De uitsluitingen moeten worden gecompileerd als onbeheerde (systeemeigen) code, ofwel door de compileroptie in te stellen of door
#pragma managed(off)
te gebruiken.
Notitie
Als u functies wilt uitsluiten in C++/CLI-code, past u het kenmerk toe [System::Diagnostics::CodeAnalysis::ExcludeFromCodeCoverage]
op de functie. Dit is hetzelfde als voor C#.
Aanvullende elementen opnemen of uitsluiten
Codedekkingsanalyse wordt alleen uitgevoerd op assembly's die worden geladen en waarvoor een .pdb--bestand beschikbaar is in dezelfde map als het bestand .dll of .exe. Daarom kunt u in bepaalde omstandigheden de set opgenomen assembly's uitbreiden door kopieën van de juiste .pdb--bestanden te verkrijgen.
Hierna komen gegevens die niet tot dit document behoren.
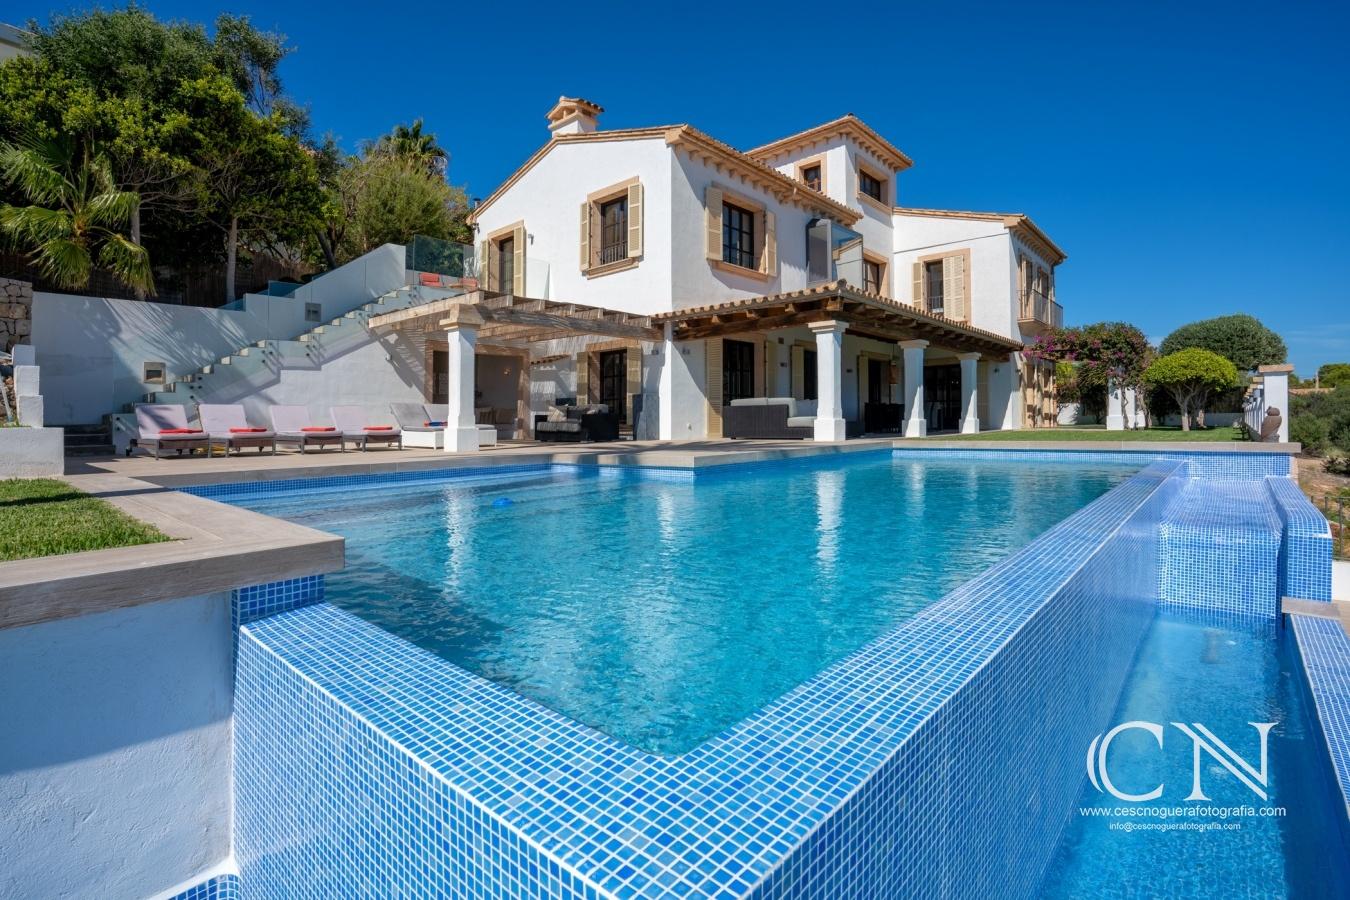 Finca al Port d'Andratx - Cesc Noguera Fotografia, Architectural & Interior design photographer / Landscape Photography

U kunt meer controle uitoefenen over welke assembly's en elementen zijn geselecteerd voor codedekkingsanalyse door een .runsettings--bestand te schrijven. U kunt bijvoorbeeld assembly's van bepaalde soorten uitsluiten zonder dat u kenmerken aan hun klassen hoeft toe te voegen. Zie Analyse van codedekking aanpassenvoor meer informatie.
Codedekking analyseren in Azure Pipelines
Wanneer u uw code incheckt, worden uw tests uitgevoerd op de buildserver, samen met tests van andere teamleden. Het is handig om codedekking in Azure Pipelines te analyseren om de meest up-to-datum en uitgebreide afbeelding van dekking in het hele project te krijgen. Codedekking in Azure Pipelines omvat ook geautomatiseerde systeemtests en andere gecodeerde tests die u meestal niet uitvoert op de ontwikkelcomputers.
Codedekking analyseren vanaf de opdrachtregel
Als u tests vanaf de opdrachtregel wilt uitvoeren, gebruikt u het hulpprogramma vstest.console.exe. Codedekking is een optie van het vstest.console.exe hulpprogramma dat wordt aangeroepen door /EnableCodeCoverage
optie.
Start de opdrachtprompt voor Ontwikkelaars voor Visual Studio:
Zoek in het menu Start van Windows
naar en selecteer het app-resultaat dat is gekoppeld aan uw zoektekst. Voer bij de opdrachtprompt de volgende opdracht uit:
vstest.console.exe MyTestAssembly.dll /EnableCodeCoverage
Tip
Voor Developer PowerShell is de beginmap van de shell de Locatie van het Visual Studio-project. Vervang MyTestAssembly.dll door de pad- en testbestandsnaam. Zie VSTest.Console.exe opdrachtregeloptiesvoor meer informatie.
Problemen oplossen
Als u geen resultaten van de codedekking ziet, kan het Problemen met codedekking oplossen artikel u mogelijk helpen.